DATA =

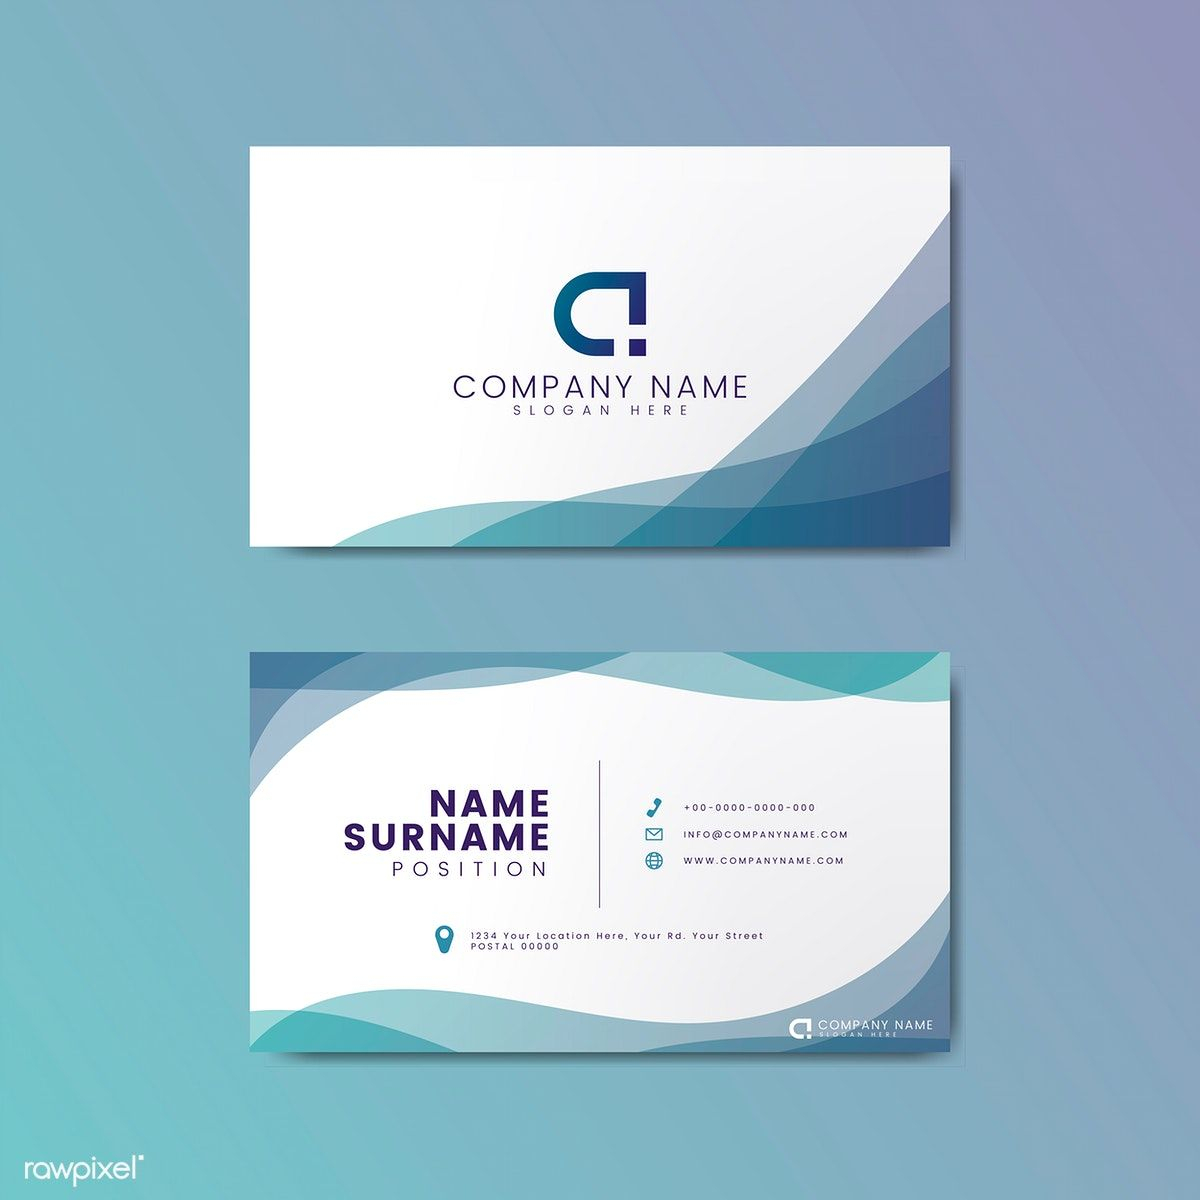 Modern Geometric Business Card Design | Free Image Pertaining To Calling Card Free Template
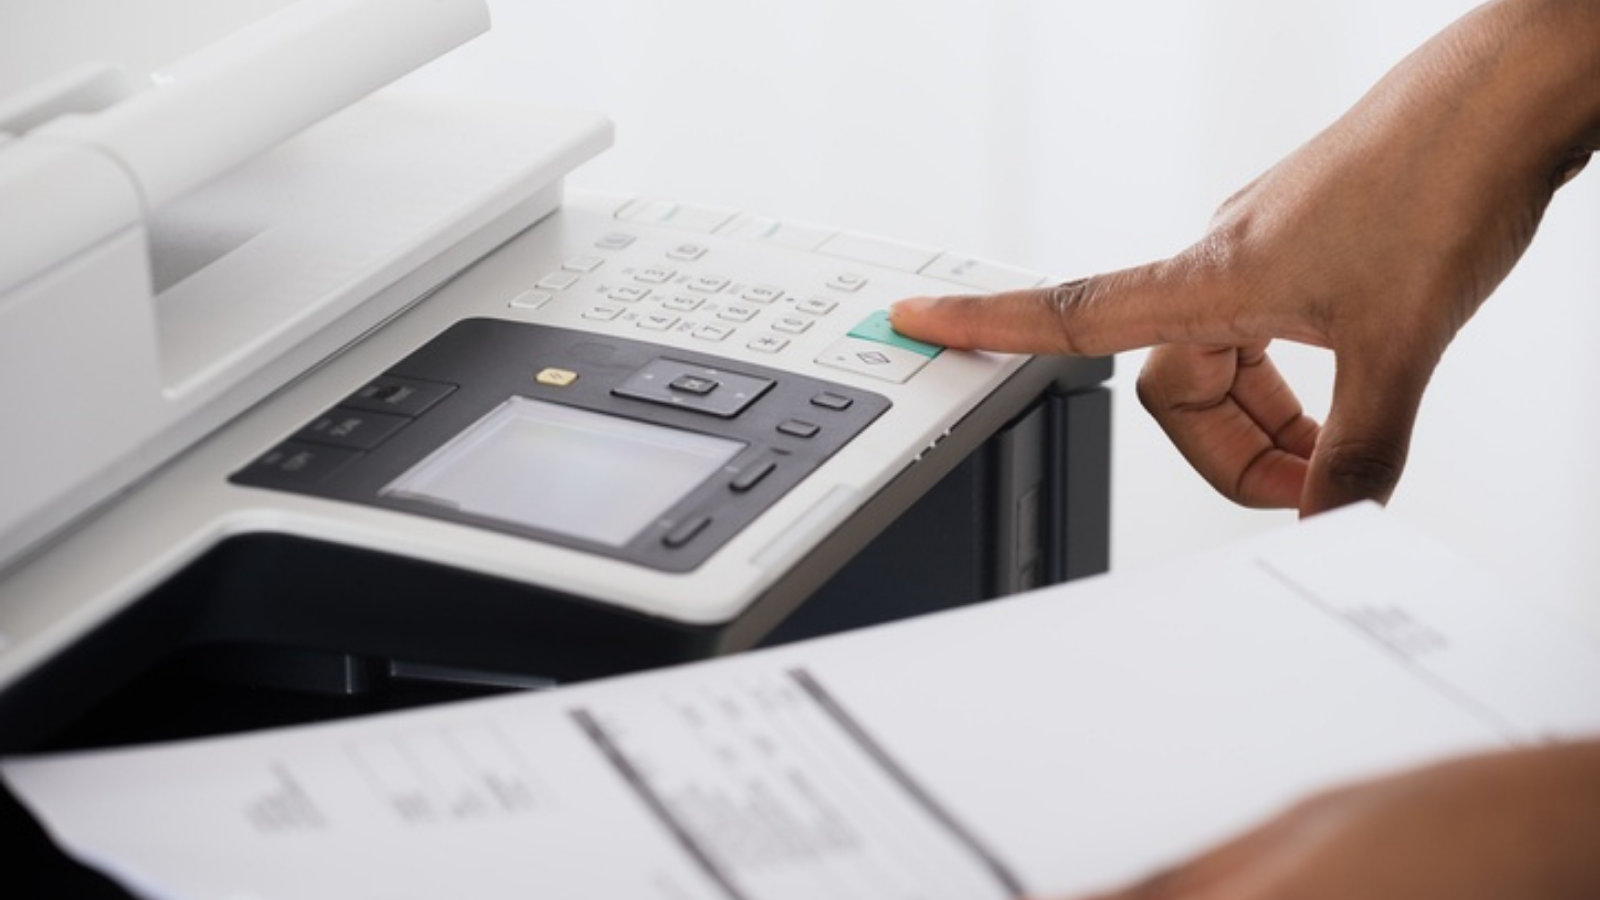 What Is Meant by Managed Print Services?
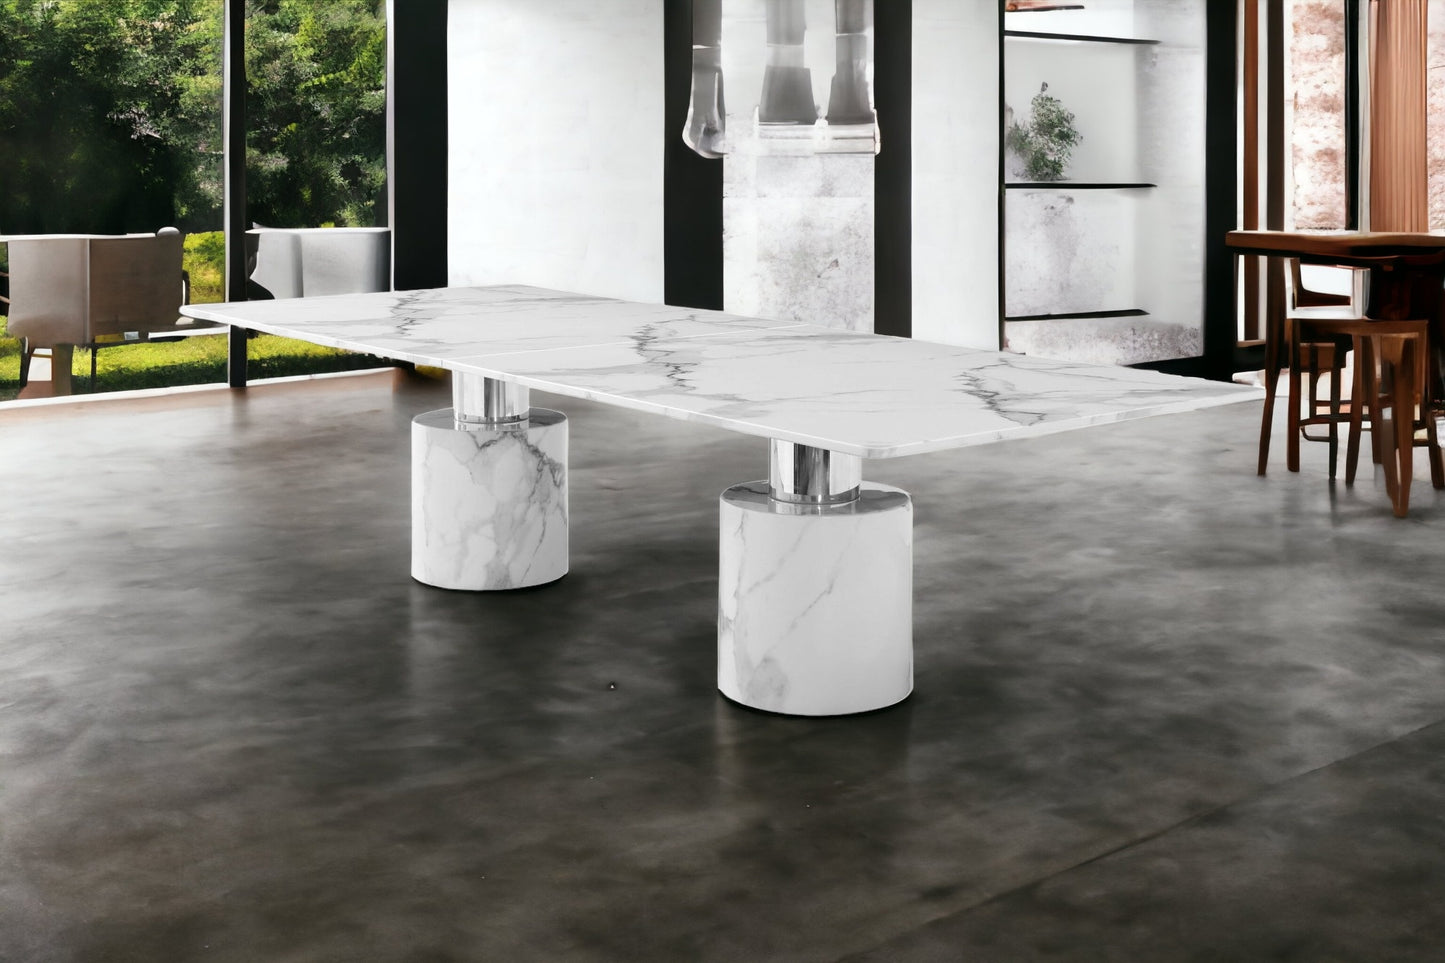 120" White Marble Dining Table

HOW TO COMPLETE THIS TASK = One exact copy of the data, no pictures: write it out line for line.

RESULT OF THIS TASK =
 Modern Geometric Business Card Design | Free Image Pertaining To Calling Card Free Template
 What Is Meant by Managed Print Services?
 120" White Marble Dining Table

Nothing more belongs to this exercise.